SPEAKER_04Right. So what I've seen, and I've done a lot of reporting on offshore finance as well. Um I dug deep into the British Virgin Islands, for instance, in the first story. Um those British overseas territories are supposed to be following UK sanctions. And I think that they are cooperating on investigations and sharing uh financial reports when they're requested. Um I'm sure there's a lot of money getting through. I'm sure it's not all uh sweetness and light. Um but you do see a lot of these outer ring offshore centers getting into the action that were uh in previous times Who are they? Belize, Seychelles, a lot of the tankers are in Cameroon or registered in Cameroon. Oh, really? Okay. Yeah, so there I think there are these new financial centers um that are emerging uh as and playing a a role uh because some of the the British Overseas Territories are at least going through the motions and cracking down on some of this on some at least some of the reporting requirements, and they should be. Following the sanctions.
SPEAKER_00And uh art, the laundering of a lot of money through art? That that was in the book, correct?

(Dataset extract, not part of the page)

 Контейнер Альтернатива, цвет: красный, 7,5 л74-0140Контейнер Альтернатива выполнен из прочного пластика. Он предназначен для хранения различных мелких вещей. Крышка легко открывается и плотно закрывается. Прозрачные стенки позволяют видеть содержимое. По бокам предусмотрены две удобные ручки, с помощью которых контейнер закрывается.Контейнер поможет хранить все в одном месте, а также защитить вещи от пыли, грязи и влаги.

SPEAKER_04Right. So there were examples of um art being bought and then being caught up in sanctions violations. Um in particular, there's one example I give about Oleg Darapaska, and he had an art collection in the US that he tried to get back, um, and that ensnared him in the crosshairs of the Justice Department. Um, but yes, there have been many cases of uh money laundering through art, of sanctions violation through art, of some of um uh the people around Putin were who were sanctioned were able to buy art through intermediaries and and uh transfer tens of millions of dollars through banks offshore, despite sanctions. Now, I think I think the situation has improved since then. I'll I'll I'll I do want to give credit for where credit is due because we're in a much better position than we were two and a half years ago.
SPEAKER_00Um in in removing some of the opacity from this world.
SPEAKER_04Not only the opacity, but there's just a a greater appetite for going after Russian money and trying to identify it. Trevor Burrus, Jr.
SPEAKER_00Particularly Russian money, though. What if you're a Kazakhstani oligarch?
SPEAKER_04This is the thing. Right. Exactly. I I think I think the the appetite to go after the Russian money is is still there. Whether or not there's an appetite to go after the Chinese money or the Cossack money in the same way, I I don't I don't think so.
SPEAKER_00Aaron Ross Powell And we're seated now in the most stunning office I've ever been in, but London. And it has a reputation for a reason, right? When it comes to the hiding facilitation, how much of that capital flight was just parked in big assets here in London?
SPEAKER_04And right, so the capital flight I've mentioned in the book is post-2022. Um but Russia has suffered from capital flight for years because of concern about seizure of assets and the political situation there. And that's why you had so many of these Russian oligarchs who brought mega bought mega mansions in London, um, kind of based themselves here. Uh now, since the invasion, the UK has frozen something like I think the latest figure is 22 billion pounds worth of assets. And you see a lot of these mansions, particularly in North London, that are frozen. Oh, right, okay. Um and the probab there you there there have been these oligarchs have applied for licenses for security so they're not squatted, uh, so that they're able to pay for security guards. But you know, so there has been a lot of uh progress on that front. I think the status of those buildings remains uncertain. They could be frozen for many, many years. Um are there more? I'm sure there are. Right, right. I'm sure of it because of the opacity of the real estate market here. Even with the changes that they've introduced, I think it's still unclear.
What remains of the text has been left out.